Ia mengatakan BRI terus berupaya menjaga efisiensi biaya kredit agar dapat menawarkan bunga pinjaman yang kompetitif kepada masyarakat, terutama bagi pelaku usaha mikro, kecil, dan menengah (UMKM).

“Apakah sudah mulai ada permintaan special rate? Iya. Tetapi most of all yang lebih penting yang harus dipahami oleh masyarakat adalah kita itu inginnya punya cost of credit yang efisien sehingga bisa memberi lending rate yang bagus ke masyarakat,” kata Singgih.

Menurutnya, BRI juga telah menyiapkan berbagai skenario untuk mengantisipasi perubahan kondisi likuiditas di masa mendatang. Likuiditas, kata dia, merupakan salah satu faktor paling penting dalam industri perbankan sehingga setiap perubahan pasar akan terus dipantau dan direspons sesuai kebutuhan.

Dalam sebulan terakhir, Bank Indonesia tercatat telah menaikkan BI-Rate secara bertahap hingga total 100 basis poin.

Pada Rapat Dewan Gubernur (RDG) 19-20 Mei 2026, BI lebih dulu menaikkan BI-Rate sebesar 50 basis poin.
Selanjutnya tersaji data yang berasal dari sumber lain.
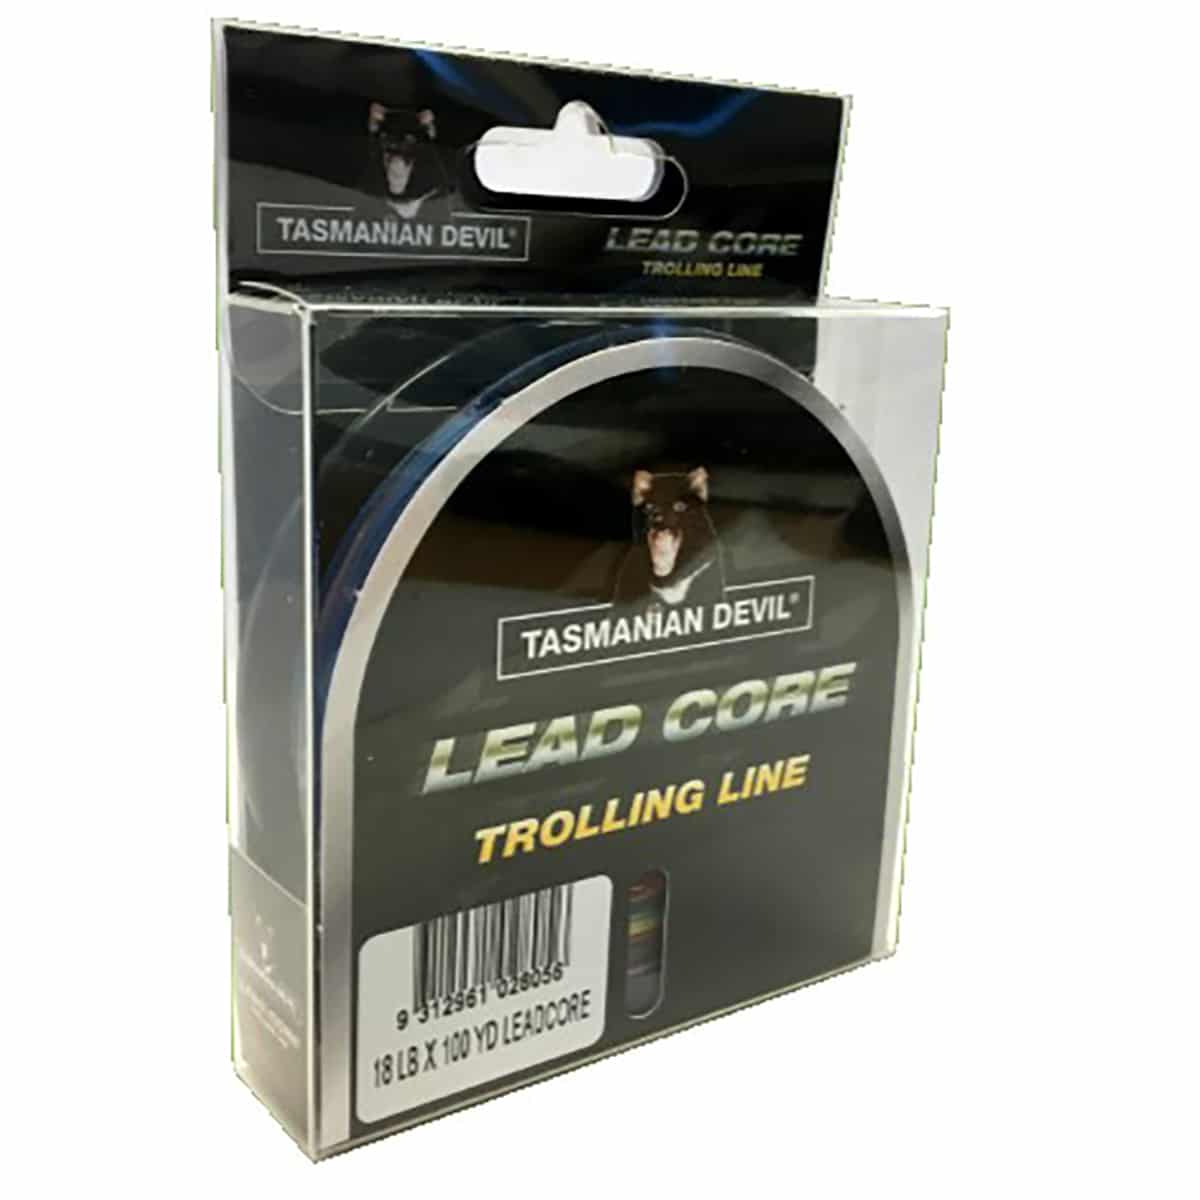 Tasmanian Devil Leadcore 14lbs 100yd Trolling Line -  - Mansfield Hunting & Fishing - Products to prepare for Corona Virus

Kebijakan itu menjadi kenaikan pertama setelah suku bunga acuan dipertahankan di level 4,75 persen sejak September 2025.

Namun pelemahan nilai tukar rupiah yang sempat menyentuh kisaran Rp18.000 per dolar Amerika Serikat membuat bank sentral kembali menaikkan BI-Rate sebesar 25 basis poin melalui RDG Mingguan pada 9 Juni 2026 di luar jadwal reguler.

Terakhir, dalam RDG Bulanan yang digelar pada 18 Juni 2026, Bank Indonesia kembali menaikkan BI-Rate sebesar 25 basis poin. Dengan demikian, suku bunga acuan kini berada di level 5,75 persen atau naik kumulatif 100 basis poin dalam satu bulan terakhir.

Berdasarkan data Bank Indonesia, suku bunga kredit pada Mei 2026 tercatat sebesar 8,72 persen, sedangkan suku bunga deposito tenor satu bulan berada di level 4,26 persen.